Shaban_2022_Cardiovasc.Toxicol__

Exosomes from senescence cells play pivotal roles in endothelium dysfunction. We investigated the exosomal angiogenic cargo of endothelial cells (ECs) in a model of senescence in vitro. After inducing aging by H(2)O(2), the expression of P53, P21, and P16 was investigated by western blotting, while the expression of FMR1, miR-21, and miR-126 were measured by real-time PCR (q-PCR). Oil Red O dye was used to stain cells. Acetylcholinesterase (AChE) assay, transmission electron microscopy (TEM), and western blotting characterized Exosomes. Exosomal miR-21, miR-126, matrix metallopeptidase-9 (MMP-9), and tumor necrosis factor-alpha (TNF-alpha) proteins were measured by Q-PCR and western blotting.
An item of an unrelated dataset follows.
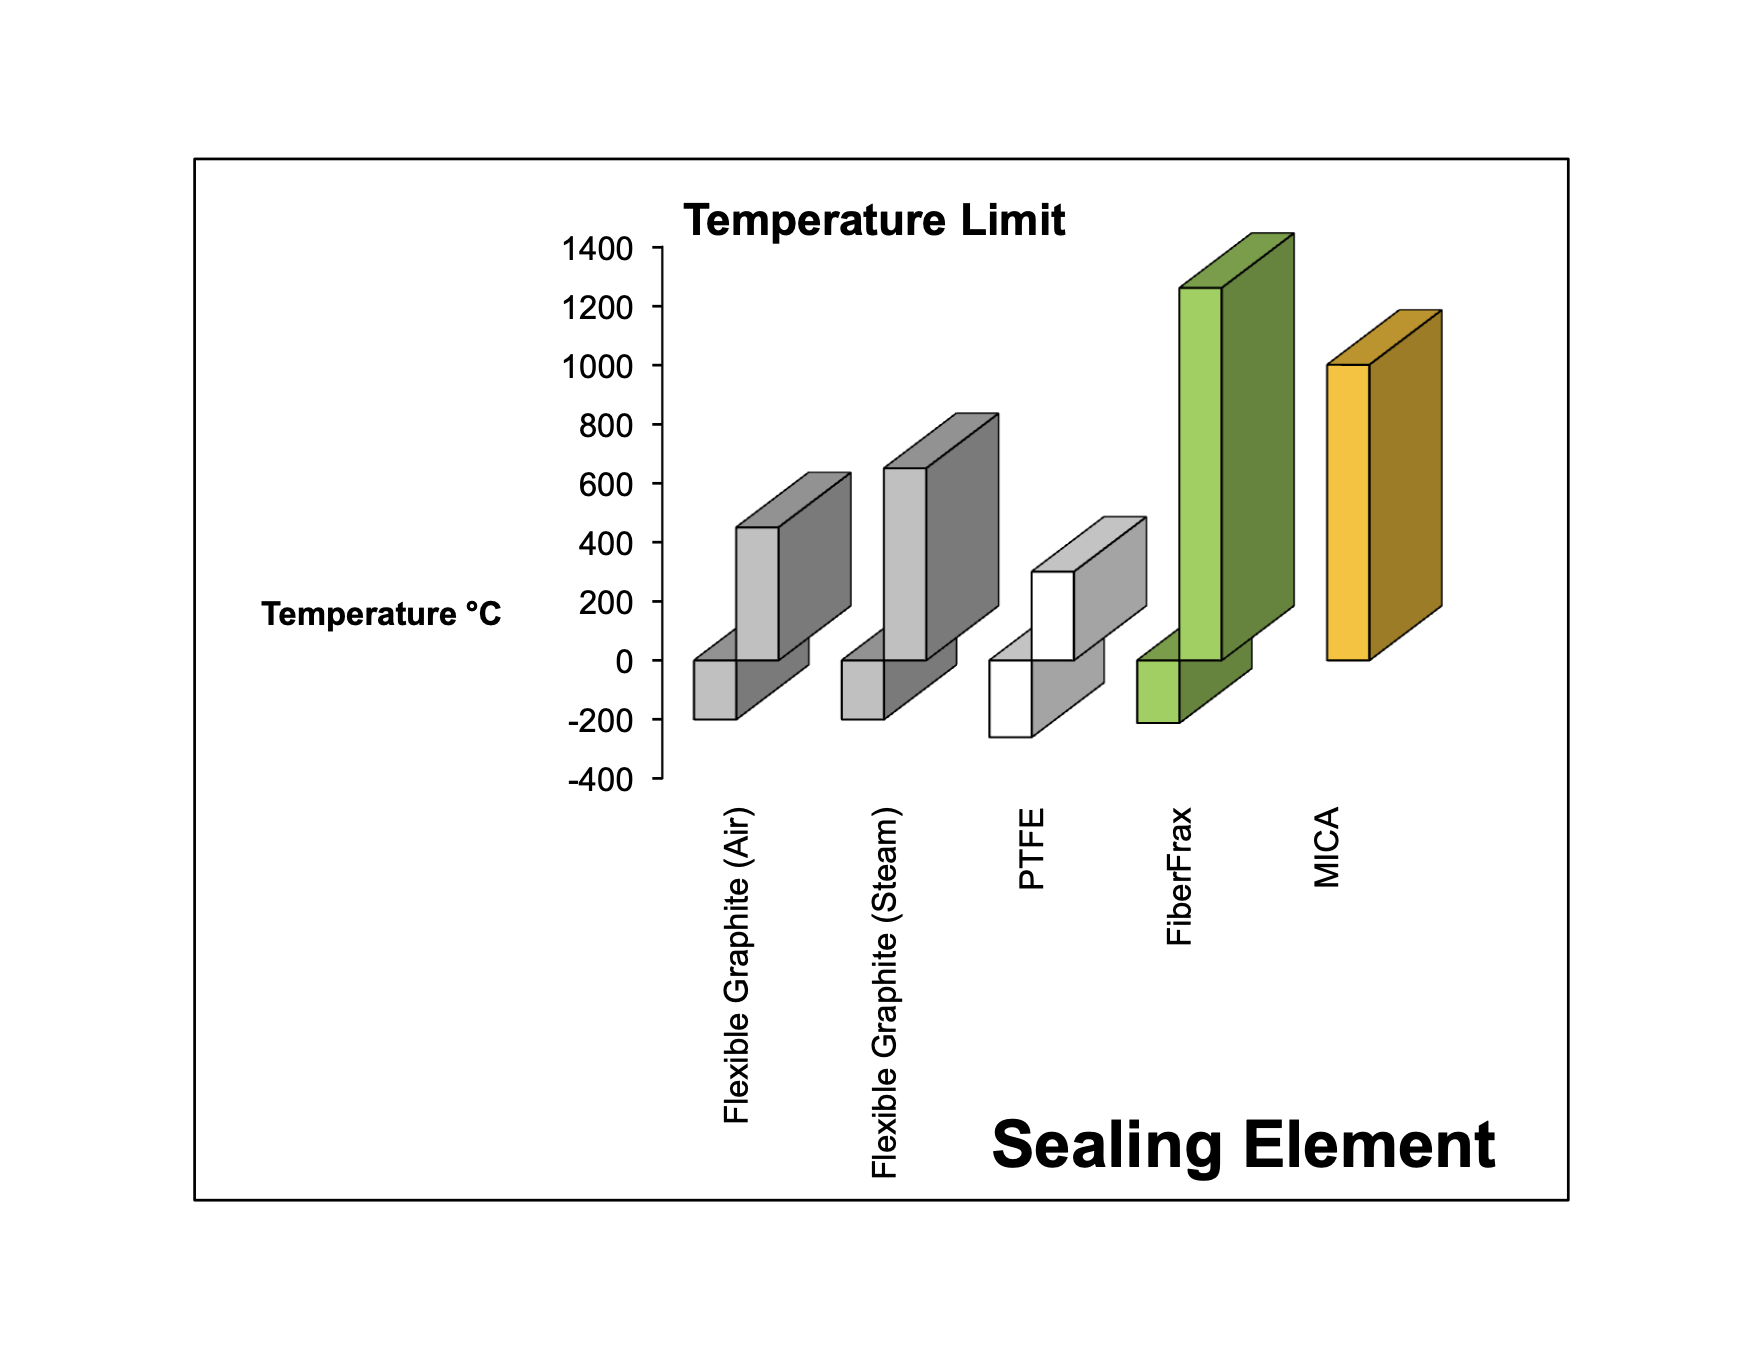 Sealing Temp Limit (C)

A wound-healing assay was used to explore the effect of exosomes on ECs migration rate. The results showed that the expression of P53, P21, P16, FMR1, and miR-21 was increased in treated cells as compared with control cells (P < 0.05). In addition, the expression of miR-126 was decreased in treated cells (P < 0.05). The number of Oil Red O-positive-treated cells increased (P < 0.05). The AChE activity of exosomes from treated cells was increased (P < 0.05). In comparison with control cells, an increase in the expression levels of exosomal miR-21 and TNF-alpha of treated cells coincided with a decrease in the expression levels of miR-126 and MMP-9 levels (P < 0.05). We found that the migration rate of ECs co-cultured with exosomes from treated cells was decreased (P < 0.05). The data indicate ECs under H(2)O(2) condition produce exosomes with distinct cargo that may be useful as a biomarker of age-related vascular disease.